О, – в камне стиха, даже если ты канула,
Утопленница, даже если – в пыли,
Ты бьешься, как билась княжна Тараканова,
Когда февралем залило равелин.
 

В последней строке своего стихотворения Цветаева, по-видимому, вспоминает и о первой книге Мандельштама – «Камень», надписанной для нее: «Марине Цветаевой – камень-памятка. Осип Мандельштам. Петербург 10 янв. 1916». [81: РГАЛИ, ф. 237, оп. 2, ед. хр. 216.] Таким образом, всякие талантливые стихи – слова на сон. Себя Цветаева видела столпником, таким же столпником был для нее Пастернак, влекущий читателя в сны лирики, превративший и Цветаеву в столпника, видящего чужие сны.

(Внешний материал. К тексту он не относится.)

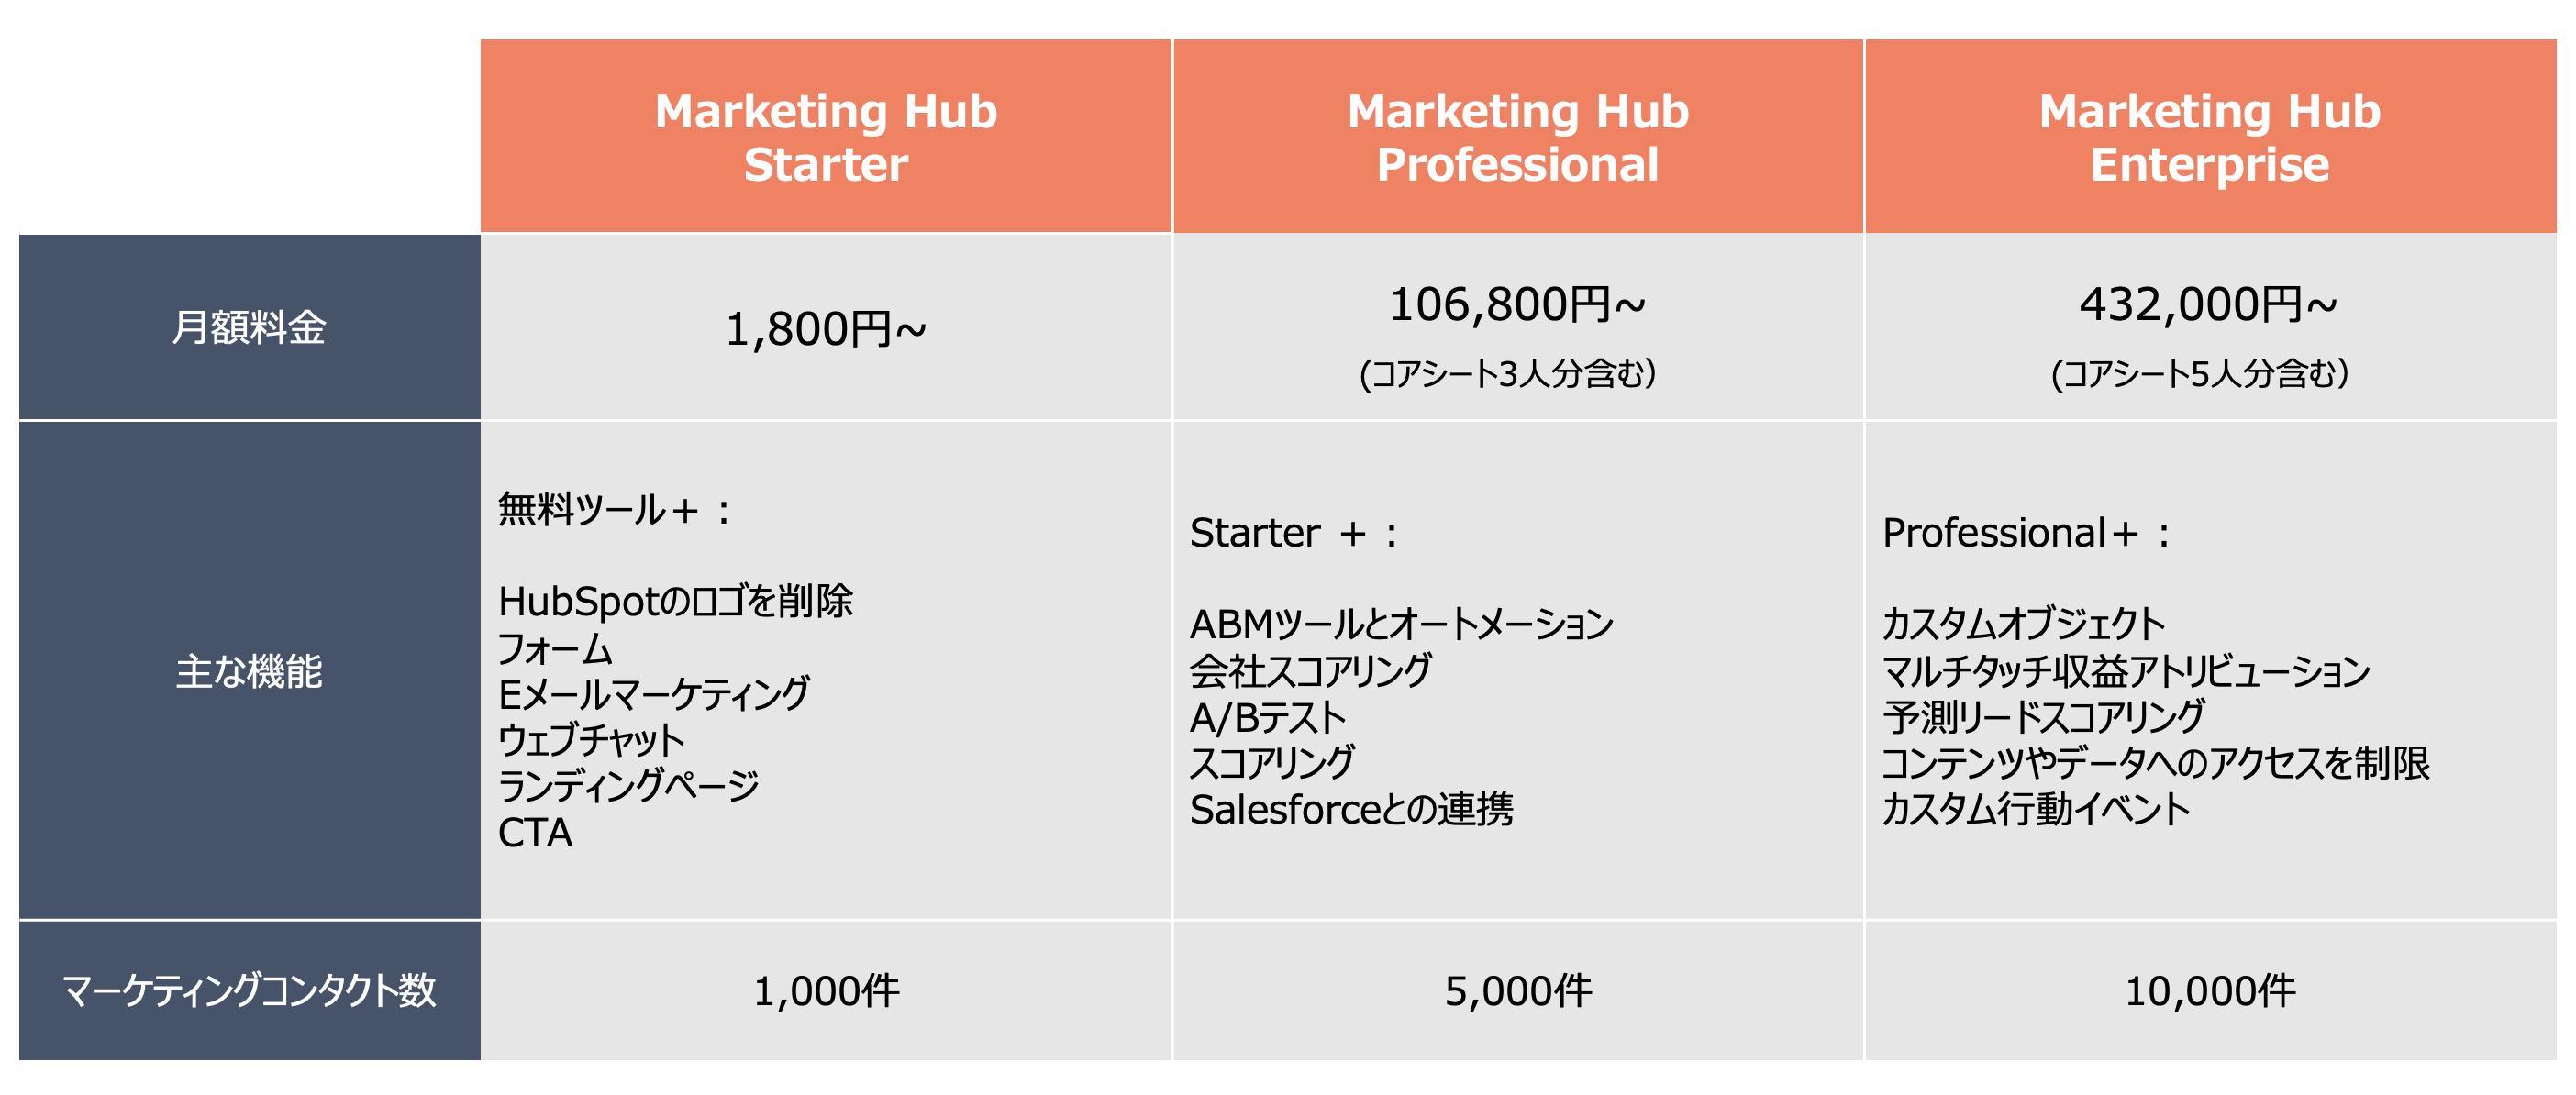 HubSpot Marketing Hub 料金プラン

Иначе зазвучало стихотворение о Суламифи в окончательной редакции:

 
Удостоверишься – повремени! —
Что, выброшенной на солому,
Не надо было ей ни славы, ни
Сокровищницы Соломона.
 
 
Нет, руки за′ голову заломив,
– Глоткою соловьиной! —
Не о сокровищнице – Суламифь:
Горсточке красной глины!
 

Стих-обращение к Пастернаку открывает стихотворение, ставшее вдвое короче. Изгнанной из дома, Суламифи не надо было славы и сокровищницы Соломона, полностью повторяются 8—11 стихи первоначального варианта, но в концовке исчезают строки, отрицающие важность для Суламифи страсти Соломона. Вместо «век не взбросит» появляется «руки за′ голову заломив». Цветаева хотела бы видеть себя бесстрастной Суламифью, но во втором варианте стихотворения она, в сущности, признается в обратном: заломленные руки – от любви, от отчаяния, от мечты о неосуществимом.

Усилив внимание читателя к важной для нее строке обрамляющим тире, автор делает акцент на отождествлении Суламифи с соловьем, который в ряде текстов символизирует поэта-лирика. Соломон был очарован, услышав чистый голос Суламифи – Пастернак восхитился поэтическим голосом Цветаевой. В повести Куприна Суламифь поет простую песню о воображаемом возлюбленном. Цветаевская Суламифь поет свои песни не о поэтических сокровищах, а о «горсточке красной глины». И образ камня начальной редакции, и образ глины связаны с восприятием поэта горой. Если с камнем Цветаева связывала неживое, нечеловеческое, то влажная глина земнее. В «Поэме Горы»: «Гора горевала (а горы глиной / Горькой горюют в часы разлук), / Гора горевала о голубиной / Нежности наших безвестных утр». Горы горюют глиной, поэты – стихами. Лирика Пастернака – тайнопись, письмена для будущих читателей. Красный – цвет любви и страсти. В черновом варианте стихотворения «Неподражаемо лжет жизнь…» глина не красная, а рыжая, огненная:

 
В рыжую глину твоих «да» —
Тихо склоняю облом лба:
Ибо ладонь – жизнь.
 
[82: РГАЛИ, ф. 1190, оп. 3, ед. хр. 4, л. 47 об.]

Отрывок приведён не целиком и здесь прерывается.